[Task brief] Could you write out exactly, and only, the lines from the one containing "Cockchafer on the Wood Stock Photo" through the last line of the data, leaving out all pictures?

─── Source data ───

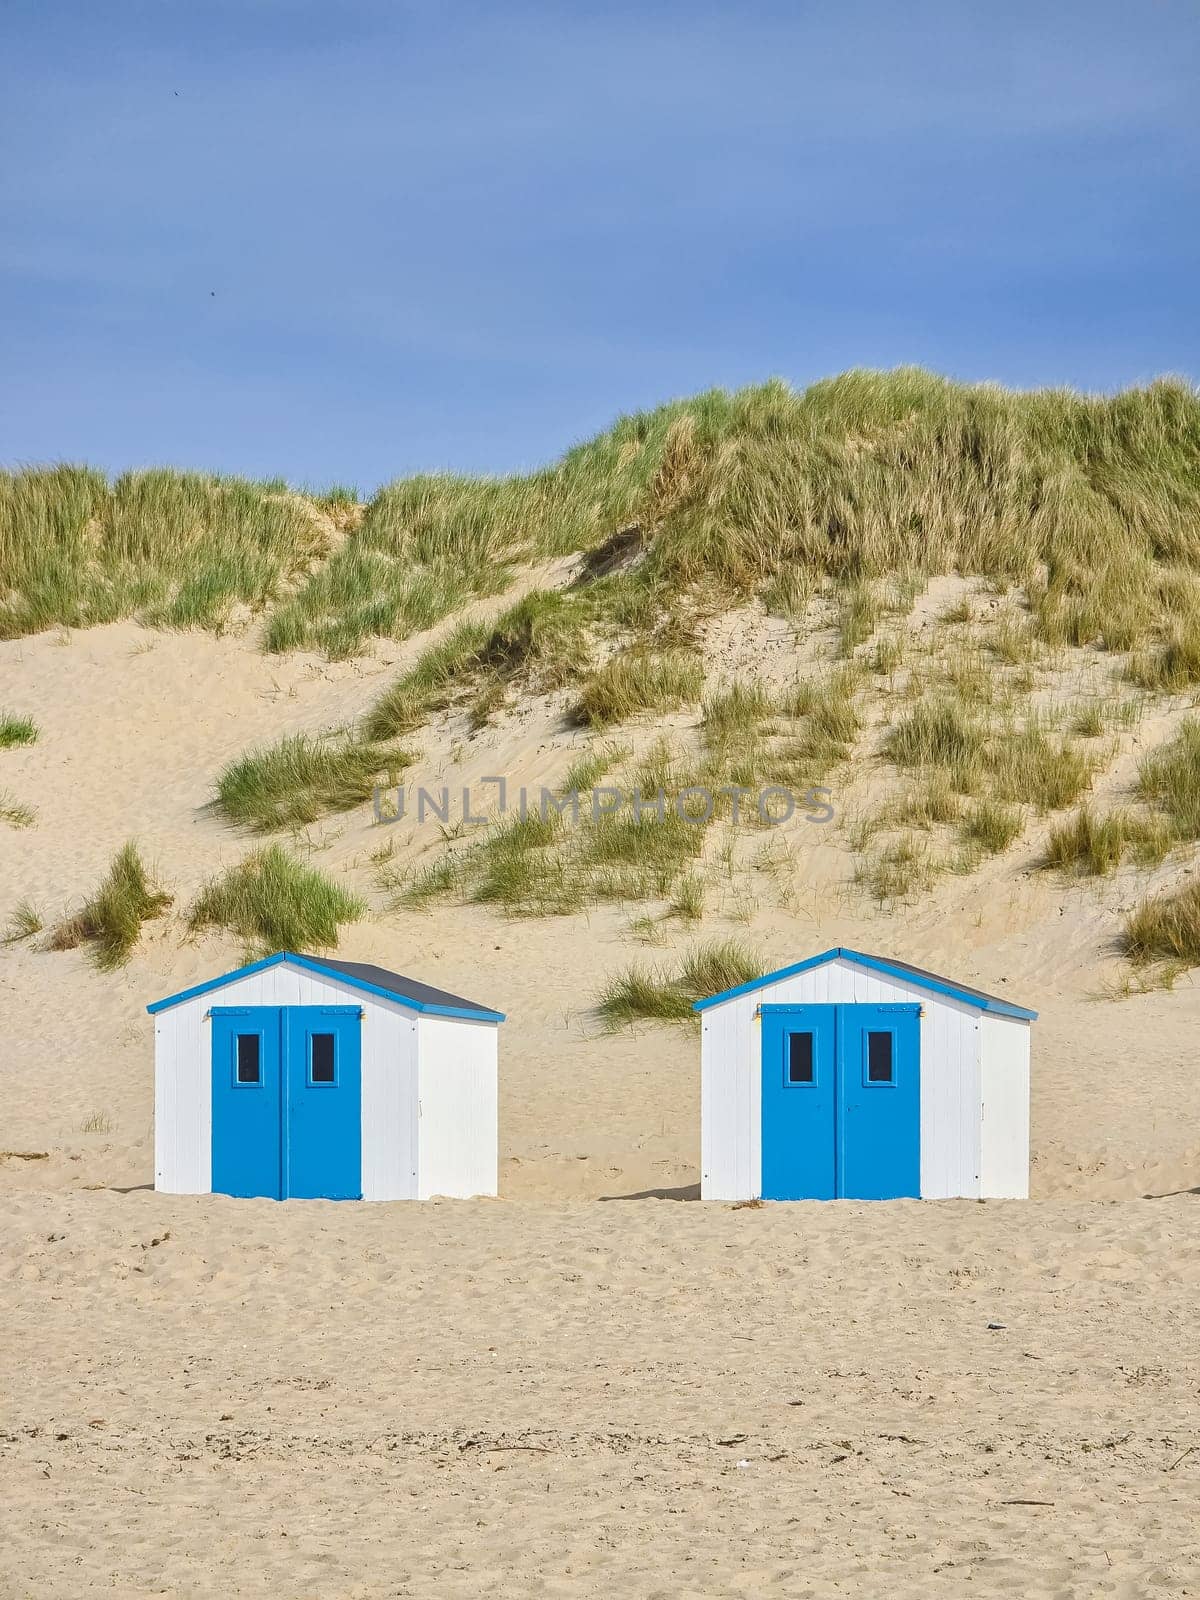 Three charming beach huts with blue doors stand on the sandy shores of Texel, Netherlands, against a backdrop of serene seaside beauty.
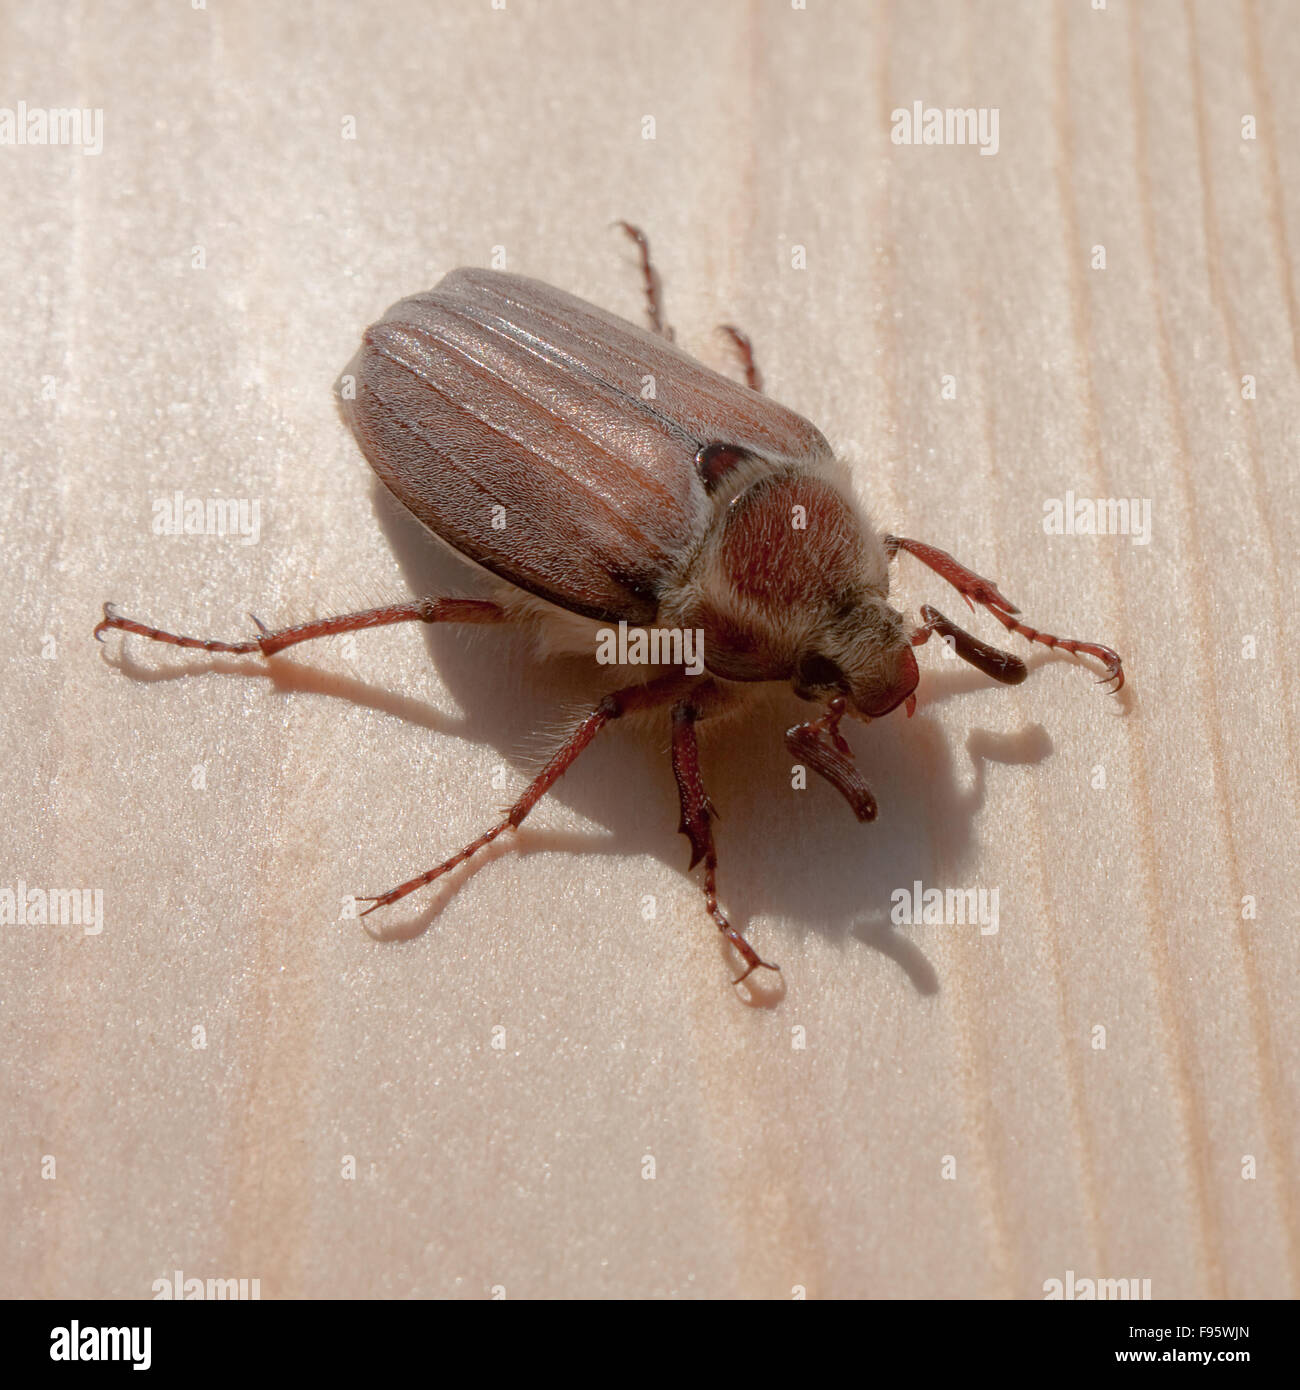 Cockchafer on the Wood Stock Photo
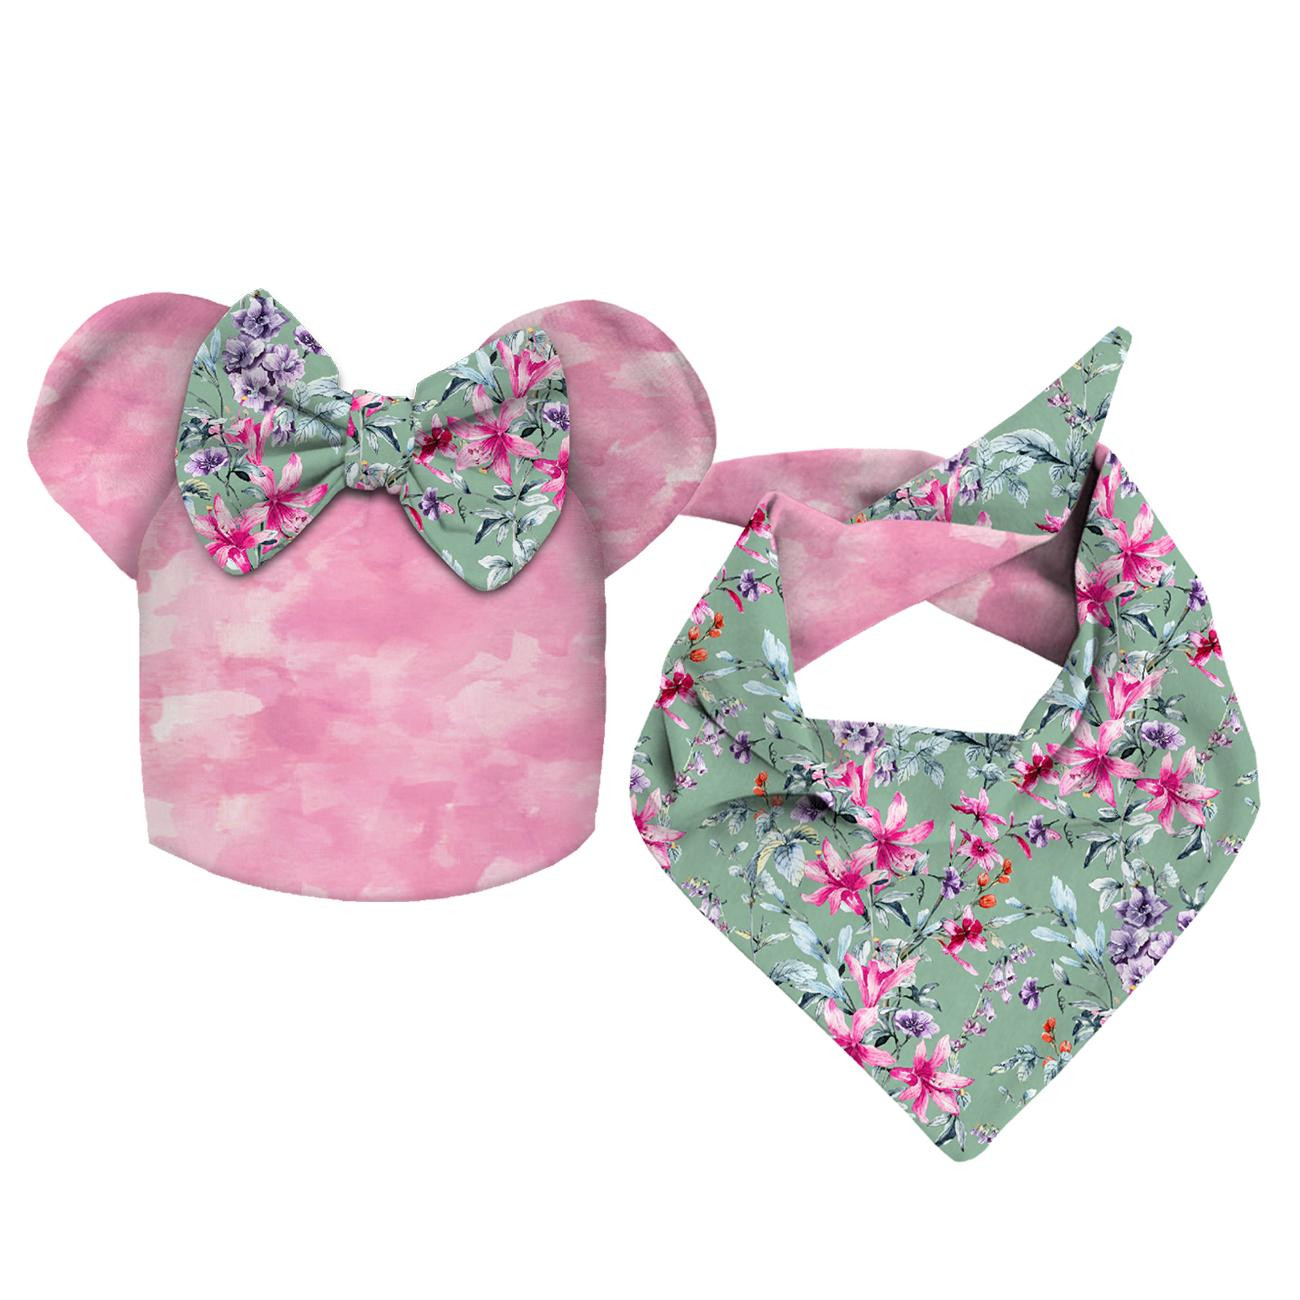 KID'S CAP AND SCARF (MOUSE) - SPRING MEADOW pat. 3 - sewing set

───

[Task answer]
 Cockchafer on the Wood Stock Photo
 KID'S CAP AND SCARF (MOUSE) - SPRING MEADOW pat. 3 - sewing set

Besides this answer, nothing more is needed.